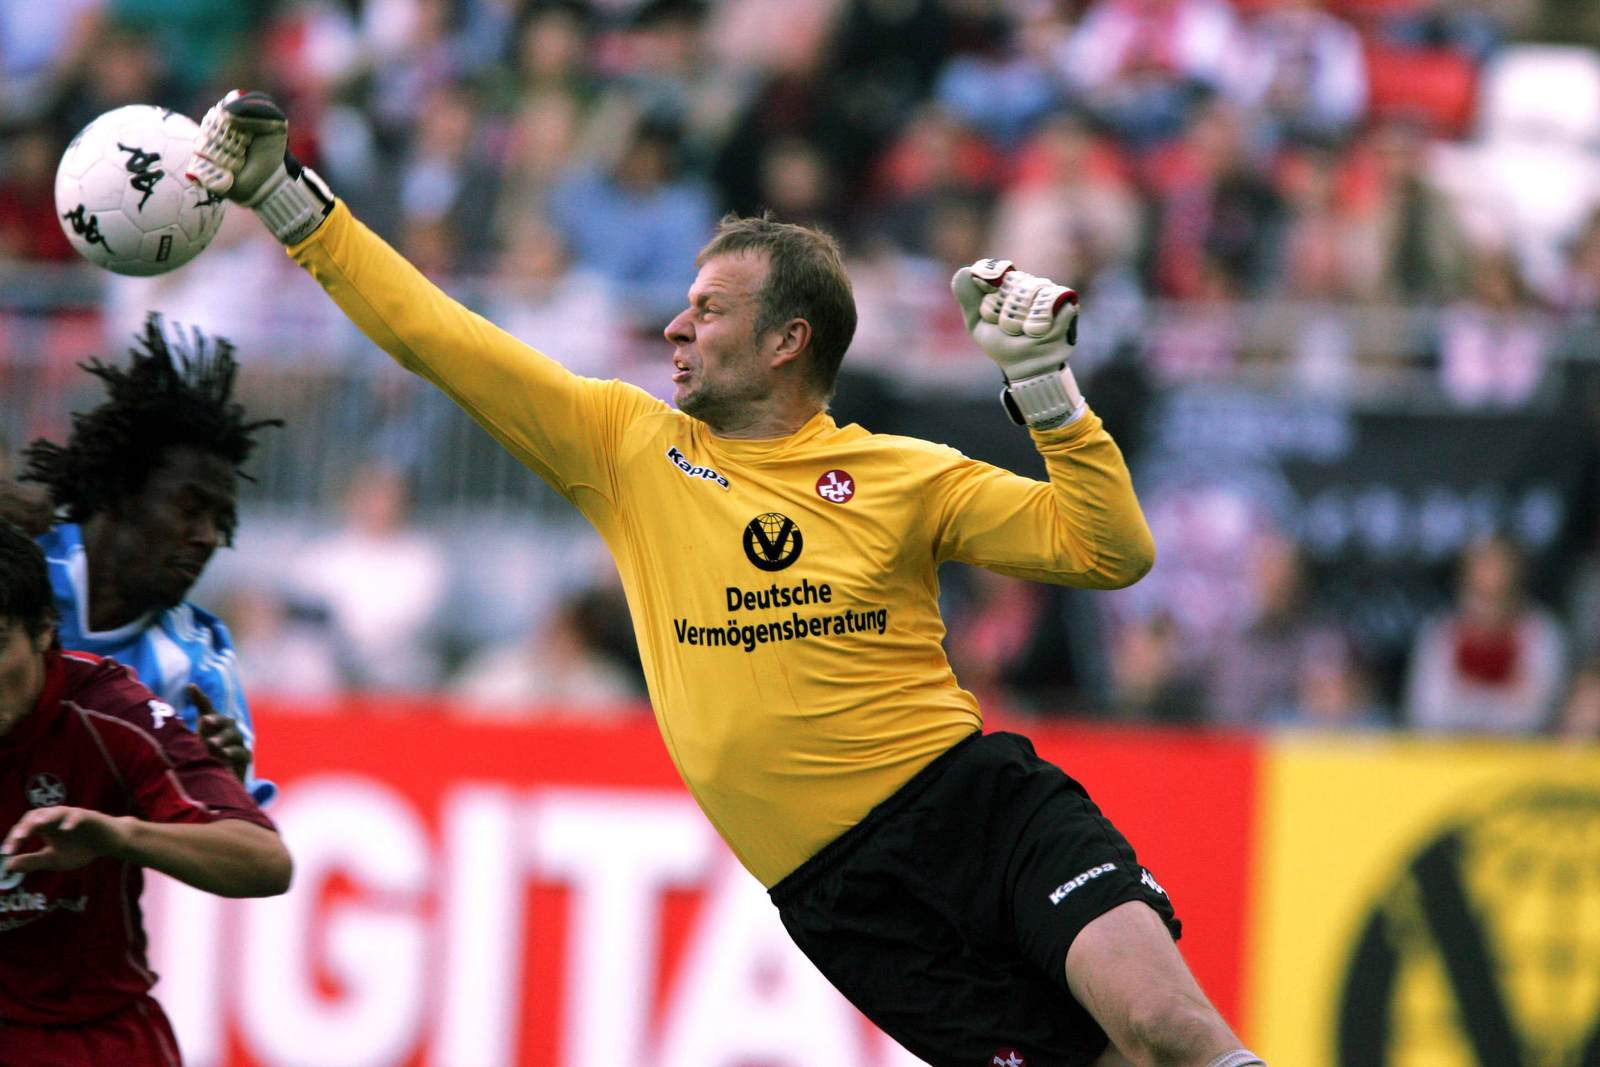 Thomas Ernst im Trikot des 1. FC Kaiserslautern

* * *

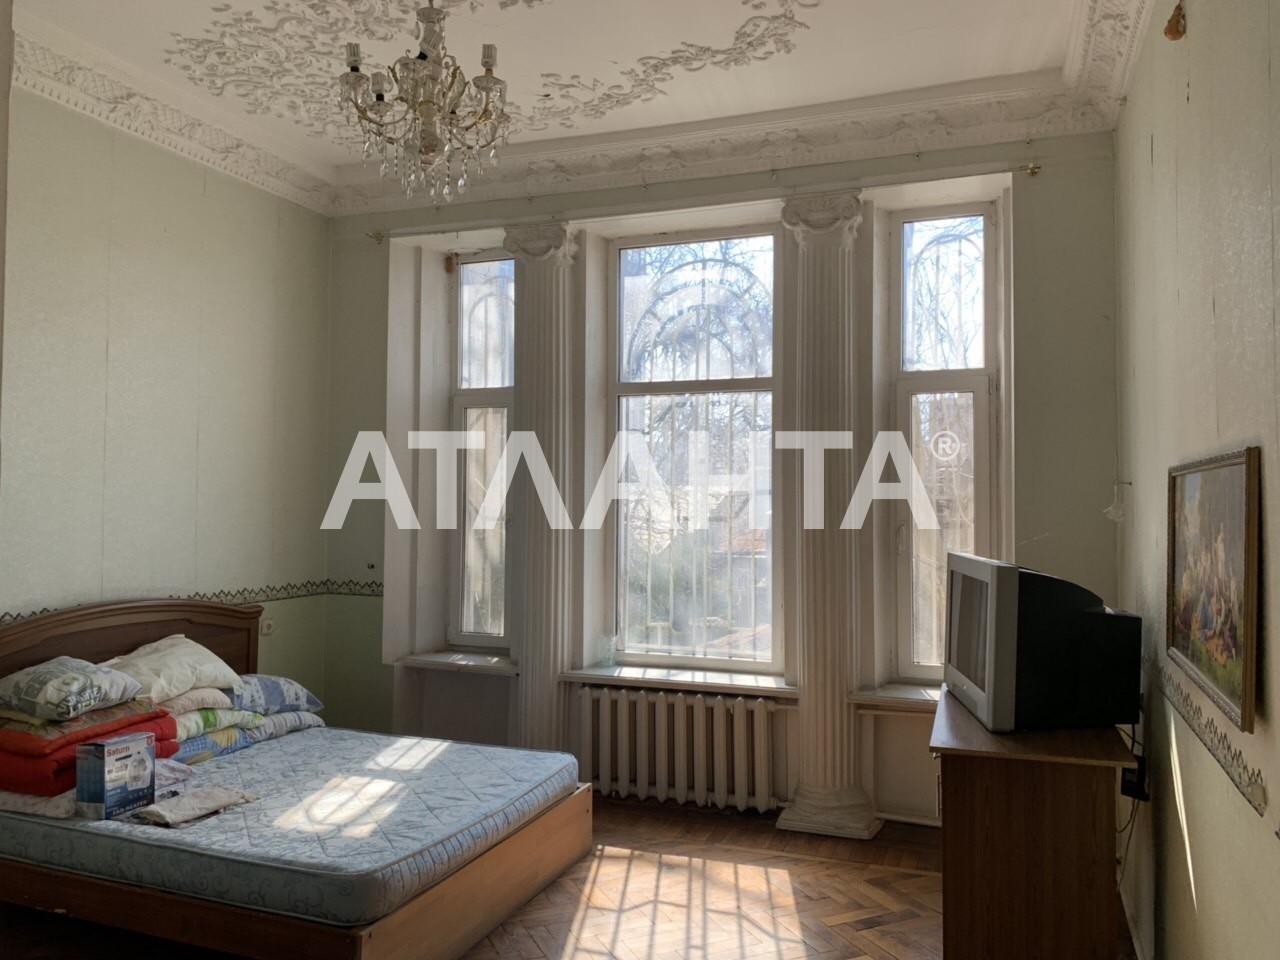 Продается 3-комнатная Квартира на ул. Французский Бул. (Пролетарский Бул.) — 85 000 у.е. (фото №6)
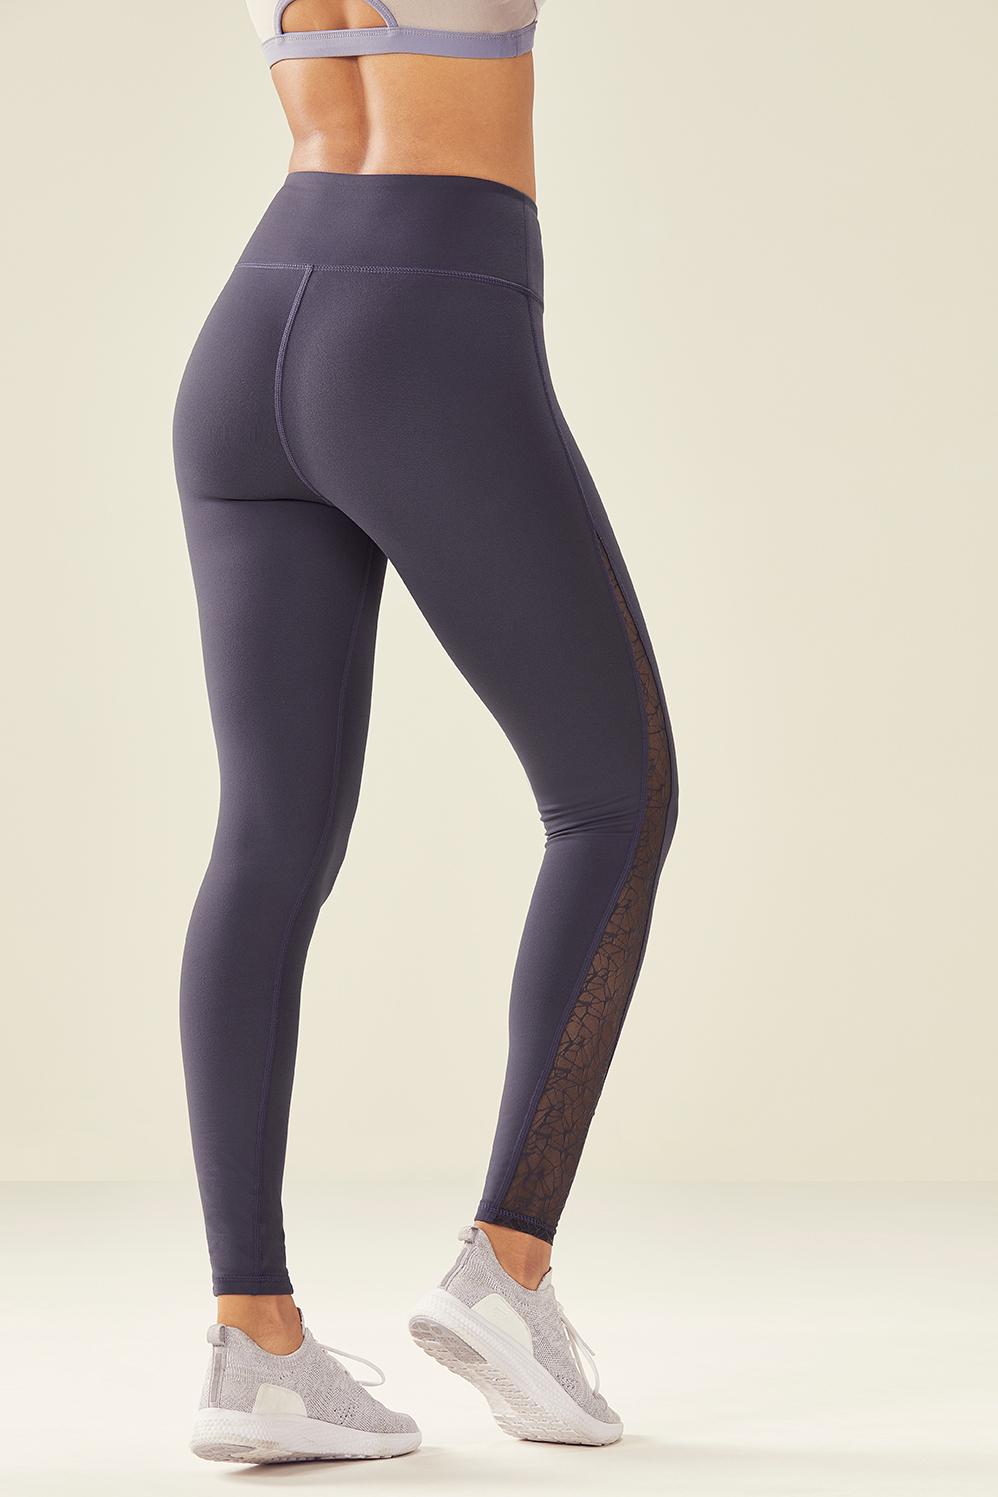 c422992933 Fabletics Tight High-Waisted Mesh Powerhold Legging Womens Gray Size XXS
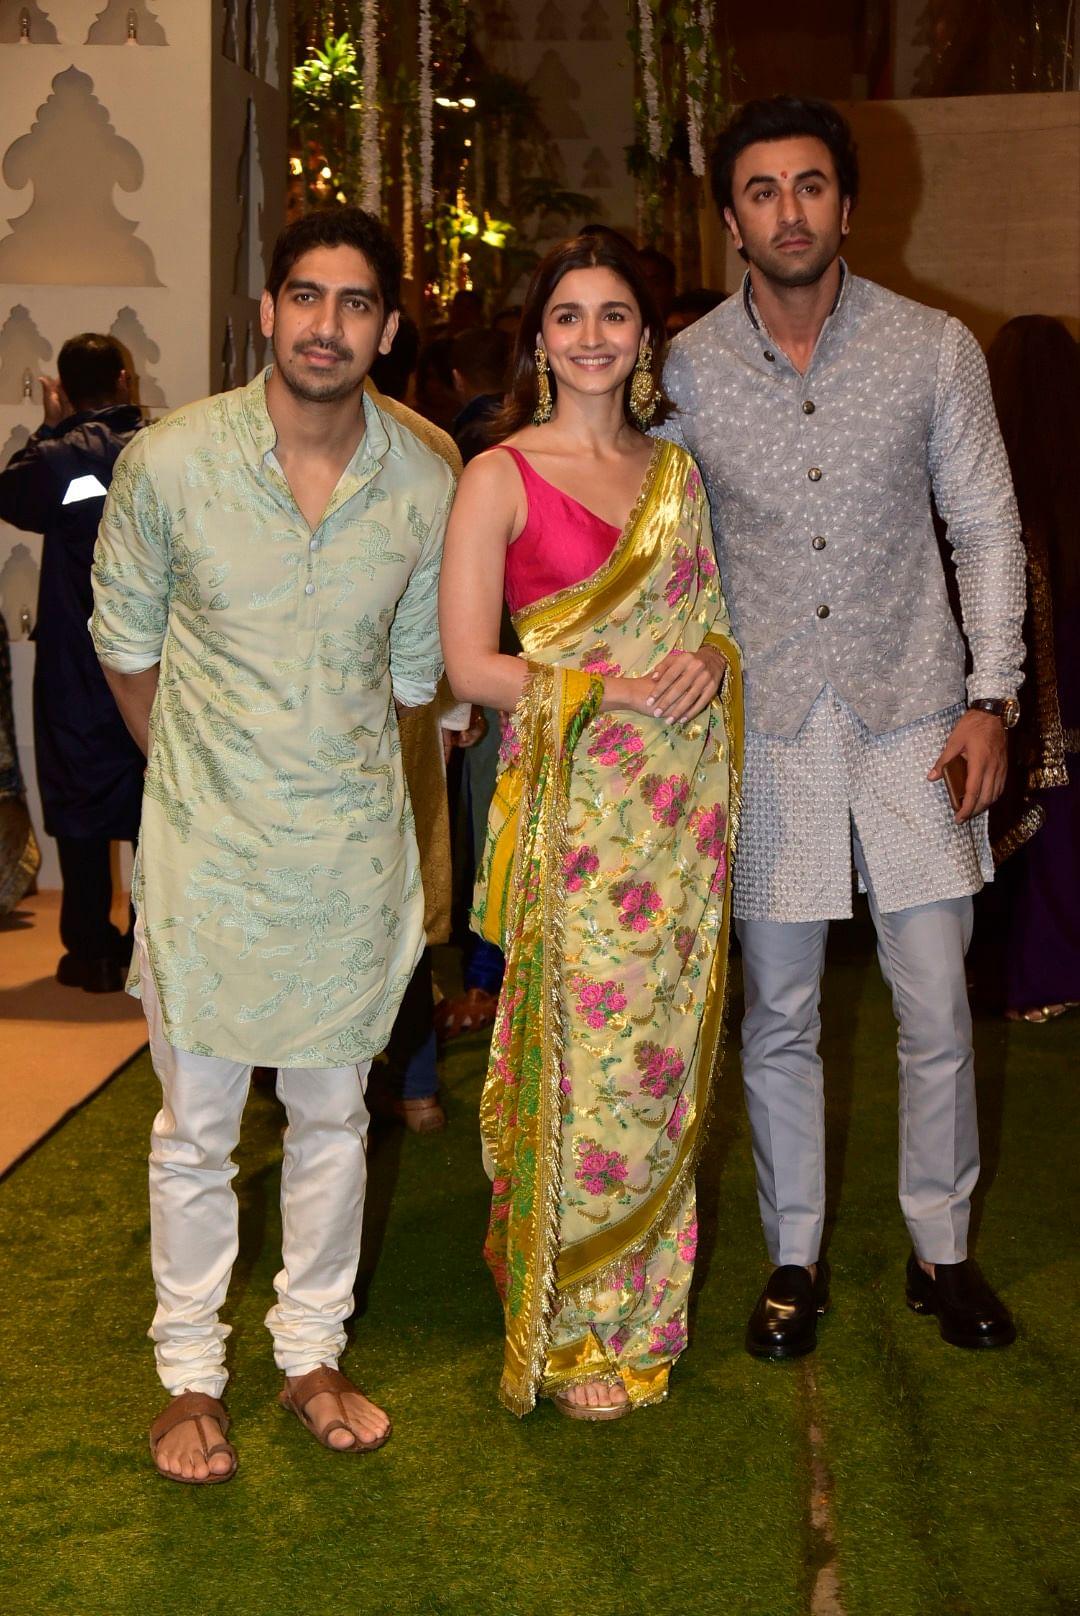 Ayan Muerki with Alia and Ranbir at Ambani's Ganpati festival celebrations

[WORK TO COMPLETE]
Restate word for word the lines of the data above that begin at the line with "c422992933 Fabletics Tight" and end at the line with "Ayan Muerki with", keeping both ends and dropping every picture.

[SOLUTION TO THE PROBLEM]
 c422992933 Fabletics Tight High-Waisted Mesh Powerhold Legging Womens Gray Size XXS
 Ayan Muerki with Alia and Ranbir at Ambani's Ganpati festival celebrations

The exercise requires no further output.